439pp., paperback, Reprint, Canongate, Edinburgh, (2003) 2004
ISBN: 9781841956060
Winner of the Giller Prize for fiction.
This historical novel follows the life of Vikram Lall, grandson of an Indian railroad worker, who comes of age in 1950s Kenya, during the Mau Mau guerilla war for independence from Britain. Neither colonist nor African, Vikram is torn between the pull of his ancestral home in India and the Kenya he loves; between his tragic past in Africa and an unclear future in Canada; between escape from political terror and a seemingly inevitable return home that may cost him dearly.

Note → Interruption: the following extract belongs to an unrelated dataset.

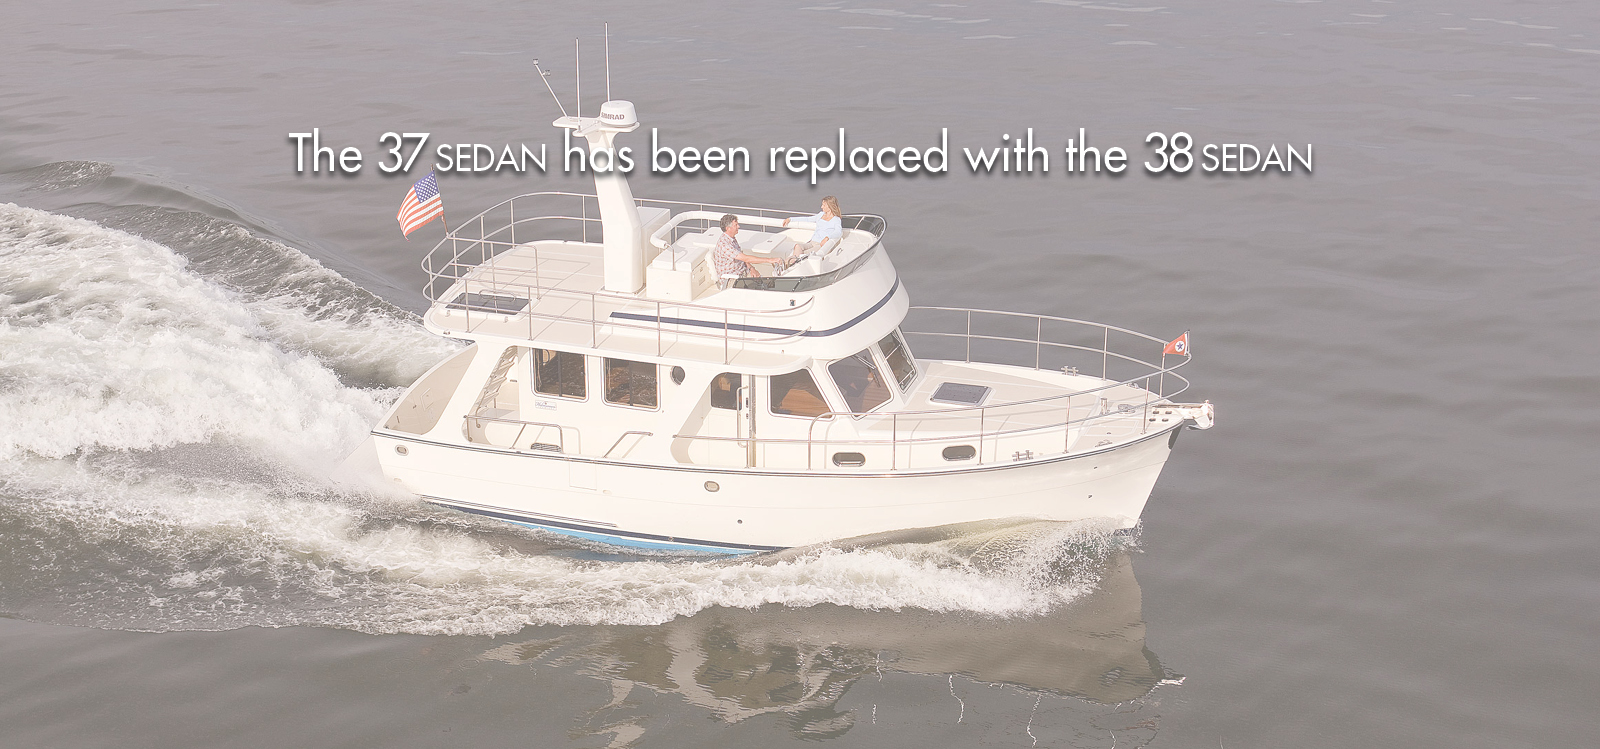 Helmsman Trawlers 37 Sedan replace with the 38 Sedan

"One of the most impressive things about this fine novel is that it gives voice to a people some of whose forebears were in Africa before the Portuguese. It must be one of the most faithful accounts ever written about growing up through the cruel days of a guerrilla war in Africa." Christopher Hope, Daily Telegraph
“Tautly written ... Admirably captures the tenor of the postcolonial period: the predicament of the Asian minority, the corruption that marred Kenya’s fledgling independence, and the individual tragedies that were the cost of the revolution.” The New Yorker
M G Vassanji was born in Nairobi, Kenya, and raised in Tanzania. He is the author of nine novels, three collections of short stories, a travel memoir about India, a memoir of East Africa, and a biography of Mordecai Richler. His awards include the 1990 Commonwealth First Book Prize for his novel, The Gunny Sack; the 1994 Giller Prize for fiction for The Book of Secrets; the 2009 Governor General's Prize for non-fiction for his travel memoir, A Place Within: Rediscovering India, and the 2016 Canada Council Molson Prize for his body of work. He moved to Canada in 1978, currently lives in Toronto, and visits East Africa and India often.